What is Bereavement Support Payment?

The bereavement support payment is money that you might be able to claim if your husband, spouse or civil partner died after 6th April 2017

There are two rates of bereavement support payment:

  • The first option is that you could get 2500, followed by a further 18 monthly payments of 100
  • If you’re responsible for a child under the age of 20, the second option applies and you could get 3500 followed by a further 18 monthly payments of 350

You can claim the Bereavement Support Payment under the following conditions:

  • The bereavement happened on or after 6th April 2017
  • You were under state pension age when your spouse or civil partner died
  • Your partner paid National Insurance Contributions for at least 25 weeks in any single tax year since 1975
  • You were resident in the UK at the time of the death of your partner

What is Support for Mortgage Interest?

Support for Mortgage Interest (SMI) is a loan to help you pay for the interest on mortgage payments. If you have enough equity in your property, you will eventually be paid back what you borrowed (either when your property is sold, its ownership is transferred or it forms part of your estate after your death)
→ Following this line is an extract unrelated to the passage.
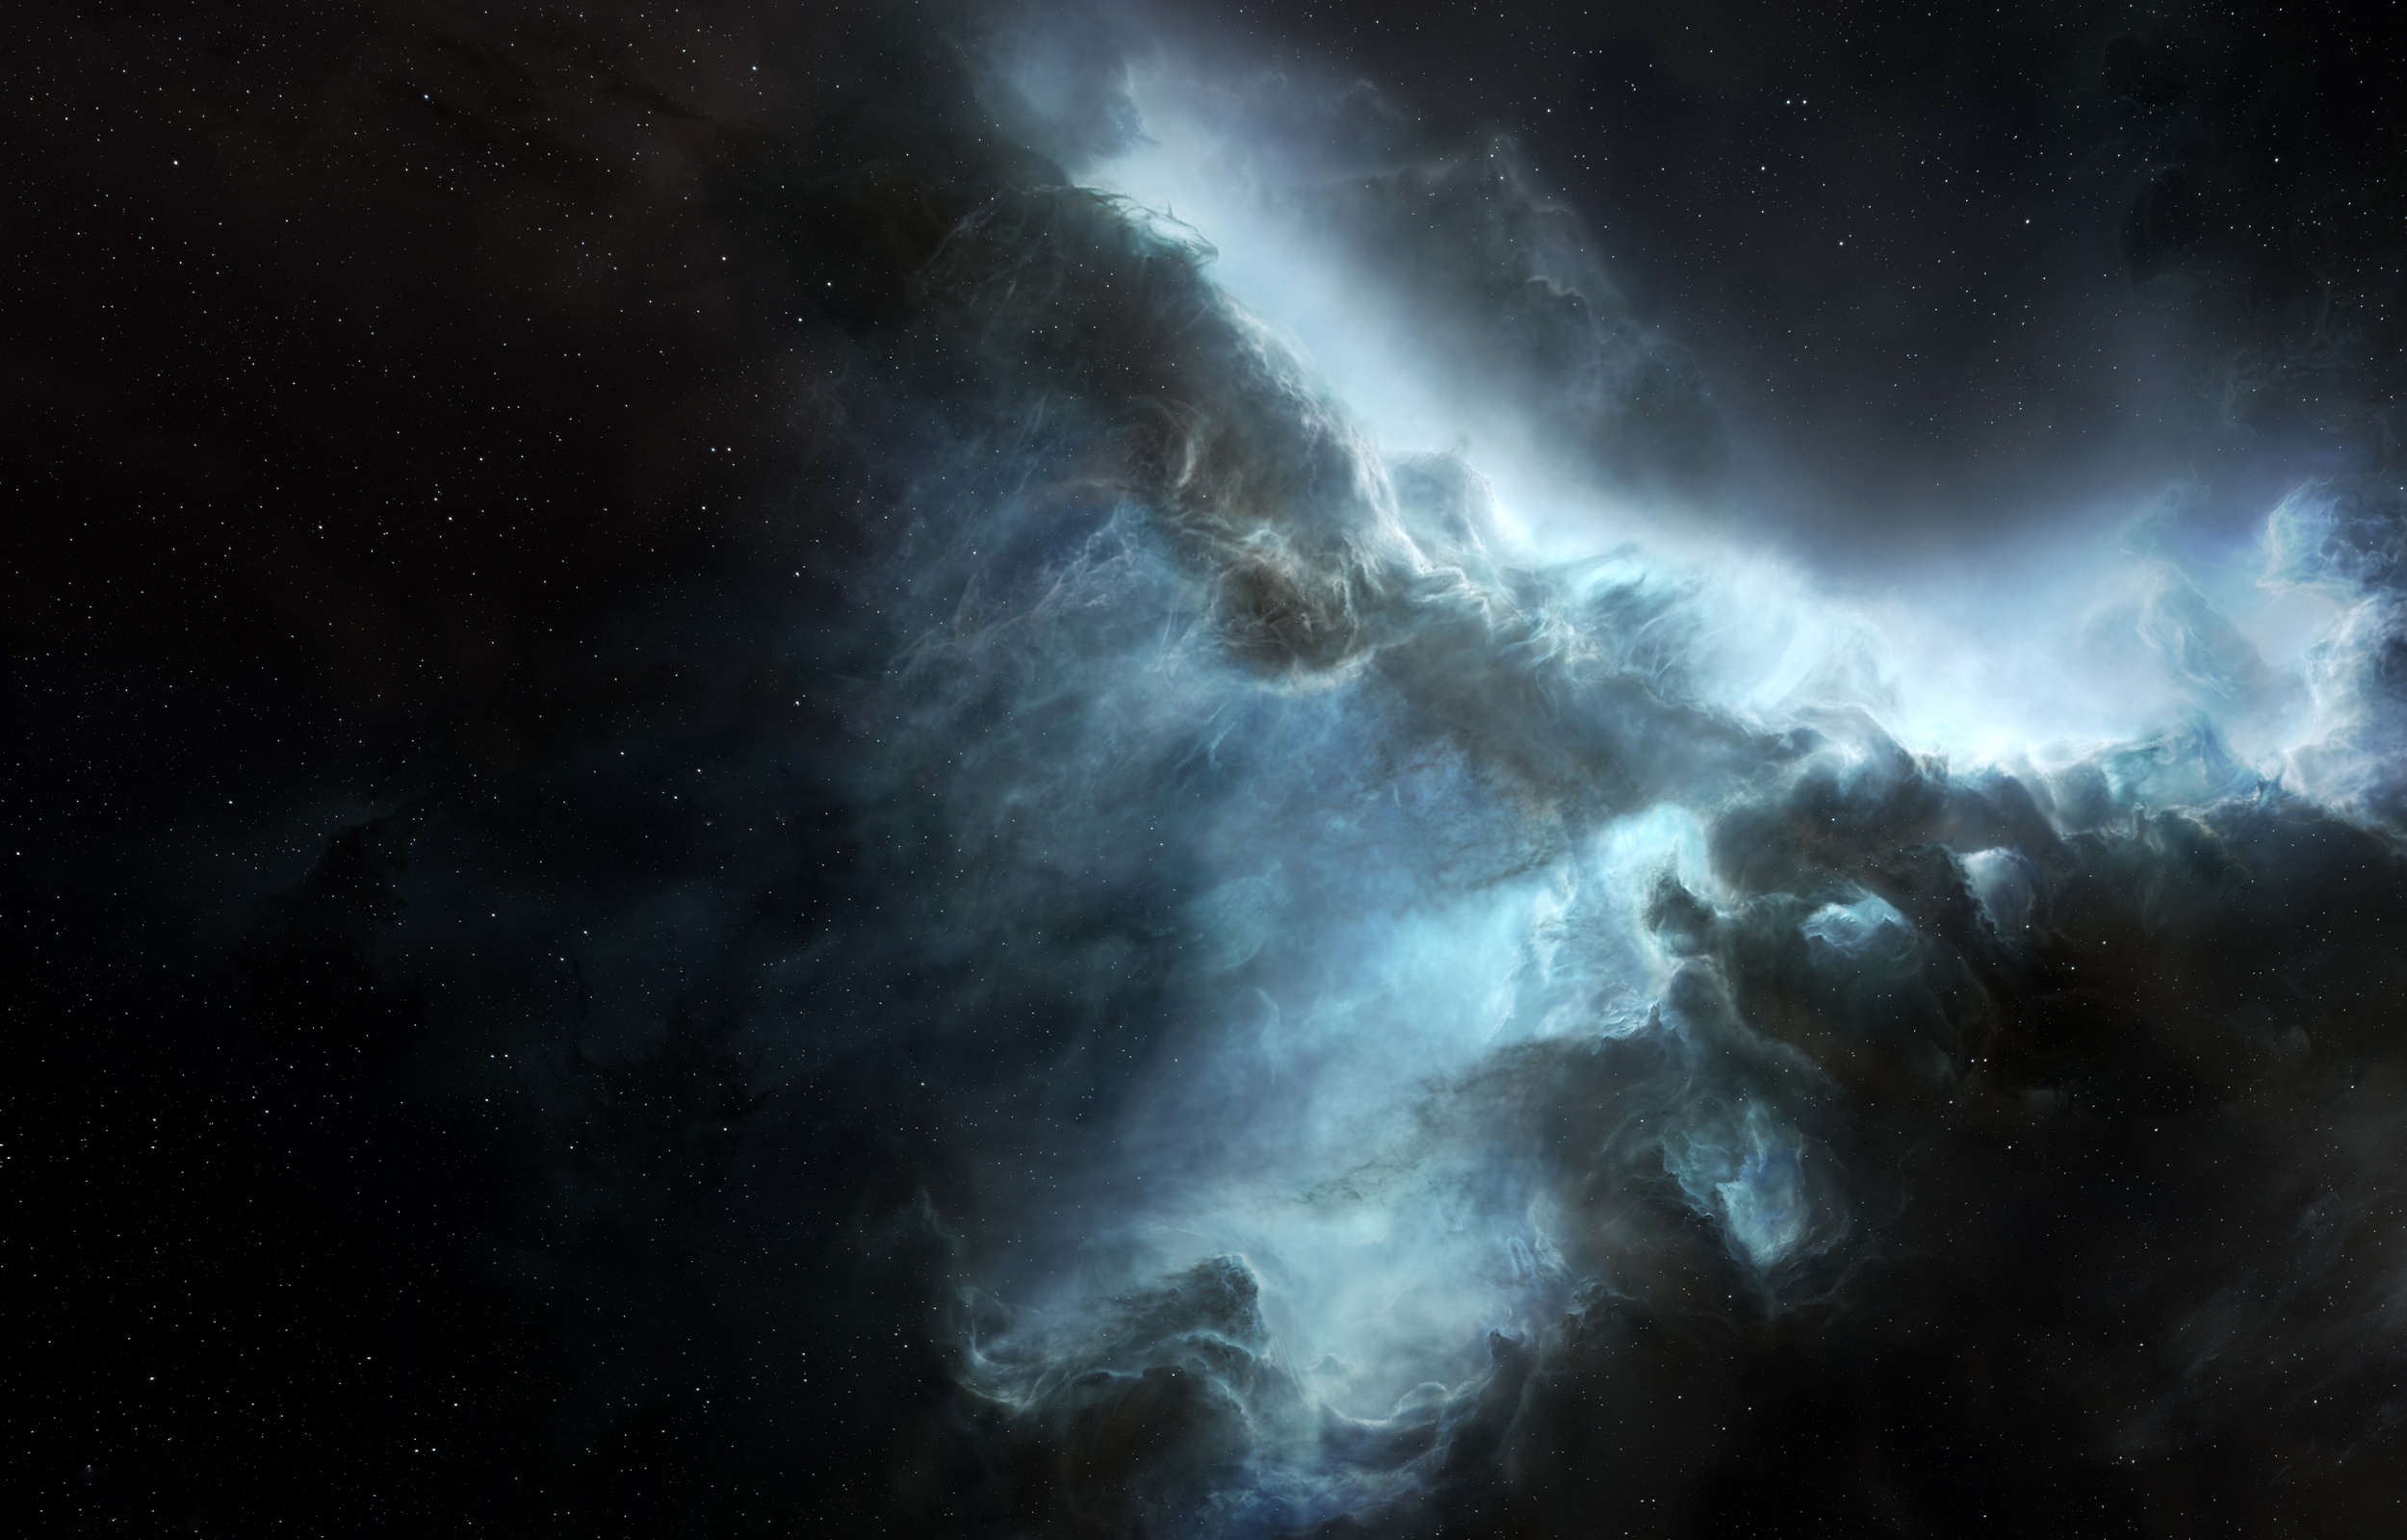 Nebula HD Wallpaper Background Image Id

You could get varying help from the SMI Loan in these 2 cases:

  • You receive Pension Credit. In this case you can get help on paying interest up to 100,000
  • You don’t receive Pension Credit. In this case you can get help on paying your mortgage interest loan upto 200,000

In most cases the SMI Payment is made directly to your lender, the interest is calculated at 2.09%(compounded interest rate)

You can be eligible for claiming the Support for Mortgage Interest (SMI) loan if you receive one of the following benefits:

  • Pension Credit
  • Income Support
  • Income-related Jobseeker’s Allowance (JSA)
  • Income-related Employment and Support Allowance (ESA)
  • Universal Credit

What is the local housing allowance and which circumstances affect the amount of benefit I can receive from it?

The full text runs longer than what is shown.